Тут вы меня спрашиваете и о фашизме, и о национальном комитете, и о заговоре к вооруженному захвату власти, и о терроре, и просто об агитации и об агитации посредством печатных прокламаций, И, наконец, о выдаче государственных тайн врагам Союза ССР. Отсюда и то недоверие к моим словам, отсюда и то грозное обвинение, предъявленное мне по статьям 60, 64 и 66, которое грозит мне смертью, ибо я, выходит по-вашему, смертельный враг власти рабочих, крестьян. Я — противник завоеваний Октябрьской революции. Я — предатель интересов трудящихся, и так далее, и тому подобное.

Да, задавленный, с одной стороны, нищетой, с другой стороны — под необоримым влиянием моих творческих сил, живущих во мне величайших образов я, отчаявшийся получить какую бы то ни было поддержку, здесь рискнул добыть необходимые мне средства, безразлично где и каким путем. Мне тридцать лет. В тридцать лет упорная работа за кусок хлеба. Тридцать лет непрерывного внутреннего горения. Я вышел в жизнь из хижины, восьмилетним мальчиком, с киркой и фартуком печника, чтобы под руководством моего отца, лучшего мастера нашей округи Алексея Степановича Ганина, научиться класть русские печи. И вот к тридцати годам я вышел на путь истории, чтобы из страданий и радости любимого мною трудового народа, из всего ужаса и всей радости тысячелетий построить памятник нашей эпохе, Я не стремился к дешевой славе, не искал личного благополучия. Я всю жизнь горел и работал. И вот в тот момент, когда я сделался мастером, когда мне нужно было начинать свою новую творческую работу, я очутился в том положении, о котором я уже говорил.
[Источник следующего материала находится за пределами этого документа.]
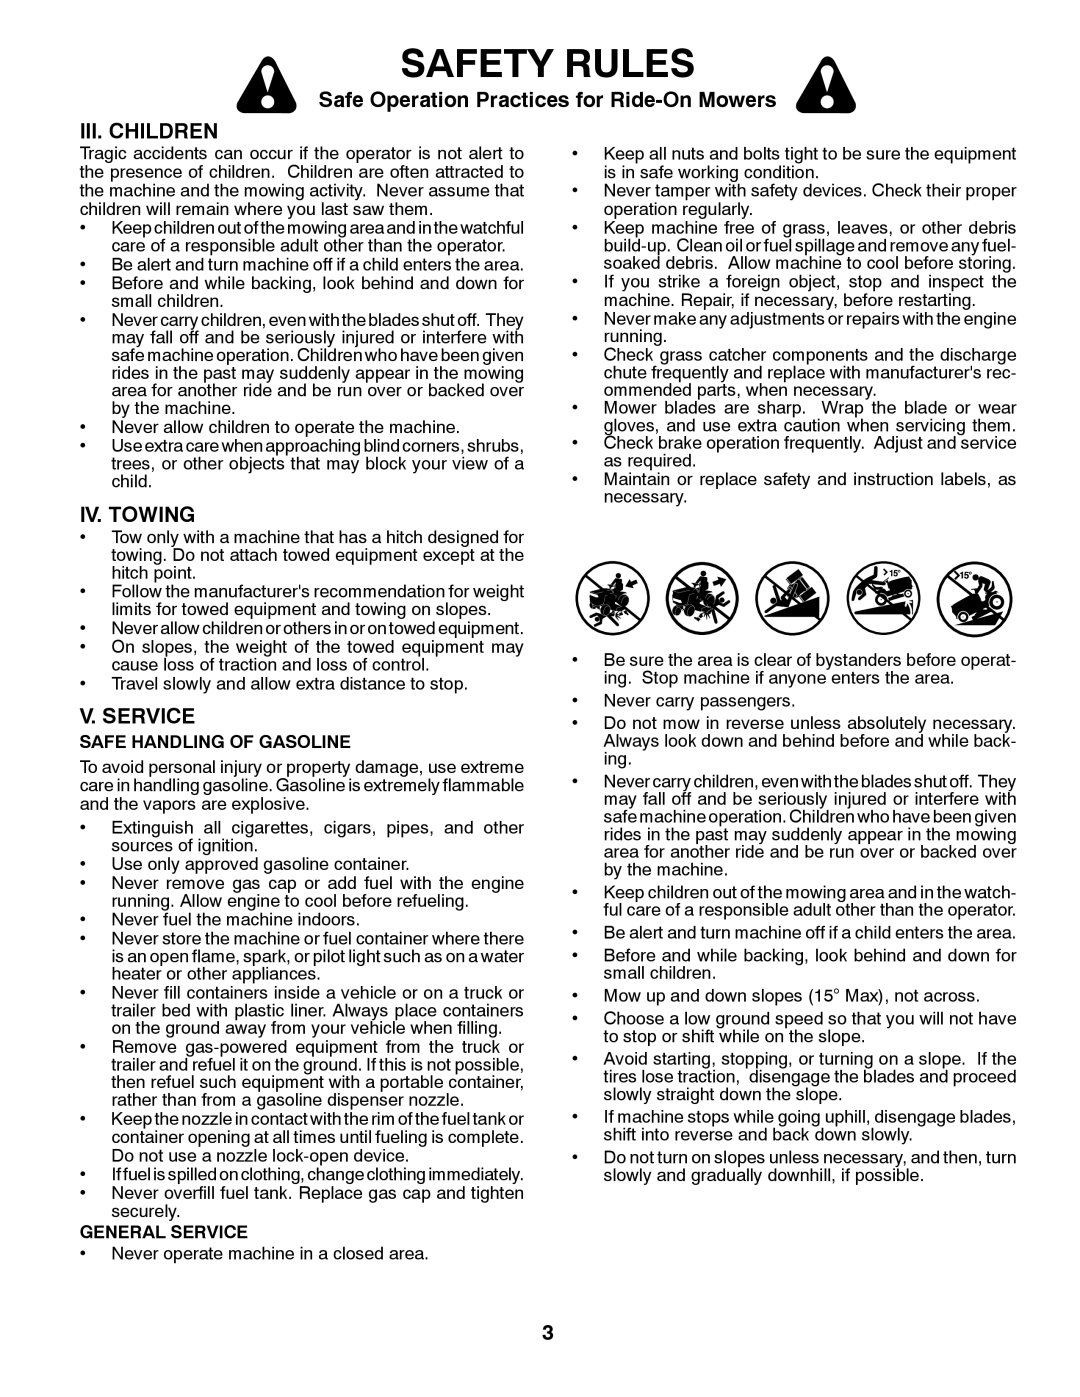 Husqvarna 532 44 00-55 Iii. Children, Iv. Towing, V. Service, Safety Rules, Safe Operation Practices for Ride-OnMowers

У меня не было комнаты, у меня не было стола, где бы я мог работать, а сама работа требовала хоть минимум обеспеченности. Все те люди, с которыми я общался в этот год, — либо мои старые друзья и уже испытанные в огне революции друзья трудового народа, либо люди, которые с нами хотят творить и работать, либо те, которые нужны были мне как материал. И нужны были не как политику, а как созидателю, как художнику, поэту. Моя фантастика была настолько жива, что даже нефантастам показалась реальностью. То есть когда я, отчаявшись где-нибудь в редакции получить червонец аванса, я хотел из рук тех, против кого я боролся, вырвать необходимые средства, нужные мне для работы. Объединяя случайный материал, повторяя собранные мной из официальных изданий, из случайных фраз и белогвардейских листовок для моей работы «тезисы», я полагал, что не делаю особых преступлений. В этих «тезисах» я не выразил никакой государственной тайны, потому что никакой тайны я не знаю. Это то, что изо дня в день обсуждается и официальной прессой, и то, что повторяет и образованная и необразованная чернь России и Европы.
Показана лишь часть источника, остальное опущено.